We already know the IBU of the recipe,but we need to calculate the hop amount. Therefore we rearrange our IBU calculation to solve for the AAU:

AAU = (IBU * Volume of Recipe) / (U * 75)

Also, remember that

AAU = Weight of hops in ounces * %AA of hops

So far we have all the information needed to solve the equations except for the gravity of the boil (Gboil). Actually, Gboil should be the gravity at the time of the hop additions. In our recipe specifics from the previous post, we know that we are boiling for 80 minutes, and adding the hops with 60 minutes remaining in the boil. From the post on water amounts, we know that I lose 0.117 qt/min. For 20 minutes of boil time (counting down from 80 minutes to 60 minutes), we will lose about 2.34 quarts of wort. The pre-boil volume calculated in the previous post was 6.5 gal or 26 quarts. This means we will have a volume of 26 – 2.34 = 23.66 quarts (about 6 gal.) at the time we add the hops.

We now know our wort volume at the time of the hop addition, but we need to know the gravity at this time. For this, we use the fact that the sugar in the wort remains constant– it is the concentration that changes due to volume changes. This means that the gravity points multiplied by the volume at point 1 is the same as the gravity points multiplied by the volume at point 2. The equation looks like this:

G1 * V1 = G2 * V2

We know the gravity and volume in the fermenter, and we know the volume at the time of the hop addition. Therefore, we rearrange the equation to solve for G2 (point 1 represents the fermenter and point 2 represents the boil):

Gboil = (Gfermenter * Vfermenter) / Vboil

Plugging in the numbers:

Gboil = (130 * 3.25) / 6.0 = 70.4

Represented as specific gravity: 1.0704

In this manner, you can calculate the expected specific gravity values for various points in the process (namely pre-boil) and augment the recipe with DME as necessary in order to hit the expected original gravity. That exercise is for a future post. In the meantime, we now have all the data needed to plug into the IBU equation and find our needed hop amounts.
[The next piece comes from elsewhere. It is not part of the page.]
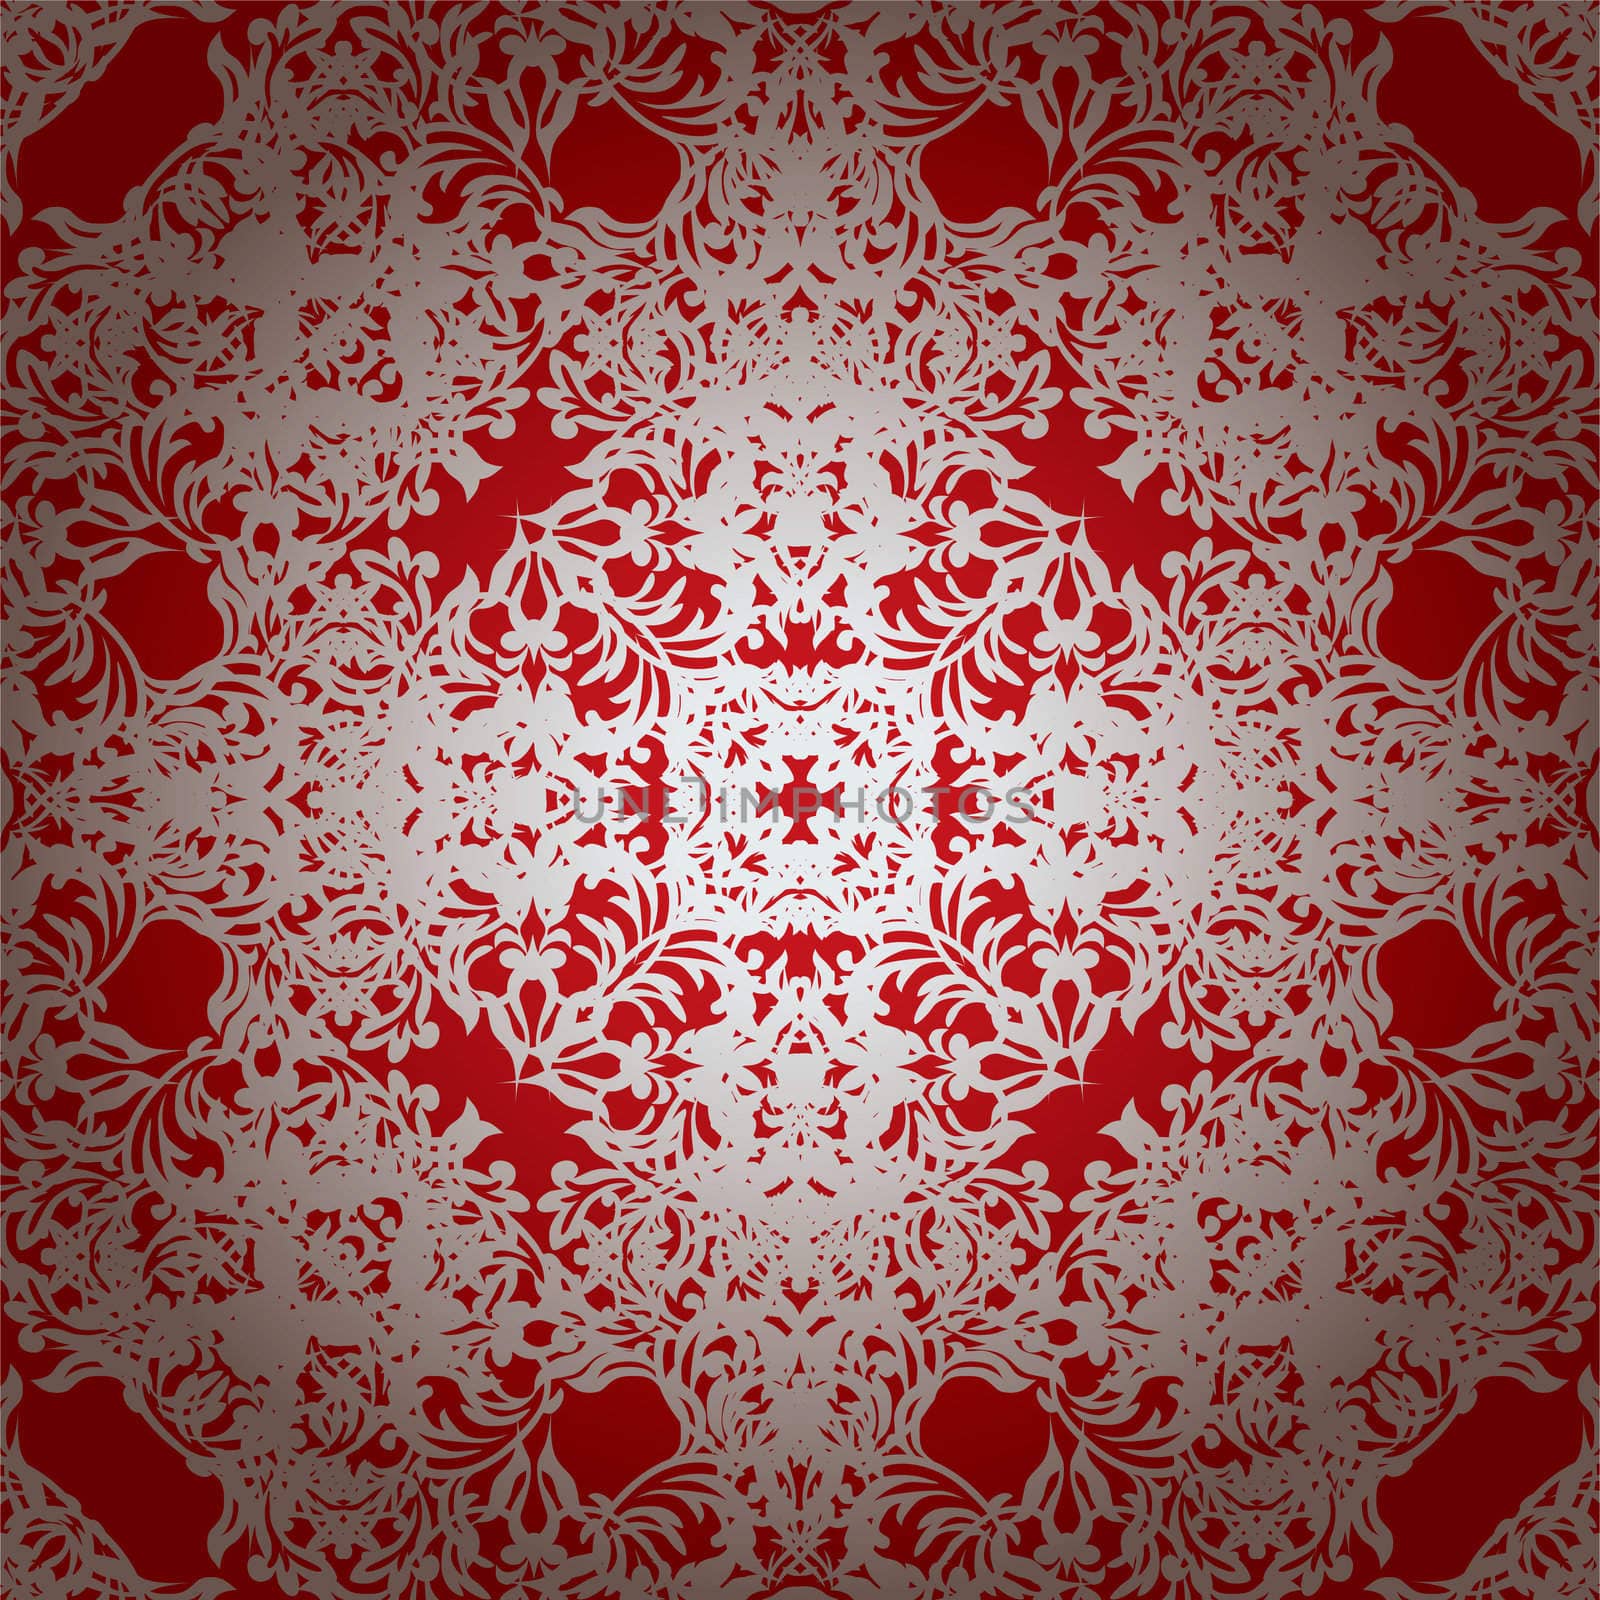 Royal red seamless repeating illustrated background with silver overlay

Let's summarize the data we have:

Variable	Value
IBU	60
Volume of recipe (Vfermenter)	3.25 gal
Time in minutes (t)	60 min
Gboil	1.0704

Let's start plugging in these numbers.

Utilization Equations

f(G) = 1.65 * 0.000125^(1.0704 - 1)
f(G) = 0.876

f(t) = [1 - e^(-0.04 * 60)] / 4.15
f(t) = 0.219

U = 0.876 * 0.219 = 0.192

IBU Equation

AAU = (60 * 3.25) / (0.192 * 75)
AAU = 13.54

Hop Amount

Recall that AAU can be represented with the equation:

AAU = weight of hops in ounces * %AA of hops

Solving for the weight in ounces:

weight of hops in ounces = AAU / %AA of hops

Our recipe calls for Willamette hops, which have a %AA in the range of 3.5 to 6.0. For this example, we will assume that the %AA = 4.75 (average value). When I purchase the hops, I will use the %AA on the package and re-calculate the number of ounces needed. For now, we get a good ballpark value:

weight of hops in ounces = 13.54 / 4.75

weight of hops in ounces = 2.85

Summary

We calculated our utilization number,but we could have just used a simple lookup table found here. You will see that we are right in line with the table values. I do question whether or not the volume in the fermenter should be used, or if we should have used the volume after boiling. I'm not sure it matters since these equations are nothing more than estimates. It is more important that we solve for the equations in the same manner each time, and that we use the same equation each time (Tinseth as opposed to Daniels or Rager or Mosher or....). Through the consistent use of equations, we build up correlations between the IBU value and the hop profile sensed in the beer.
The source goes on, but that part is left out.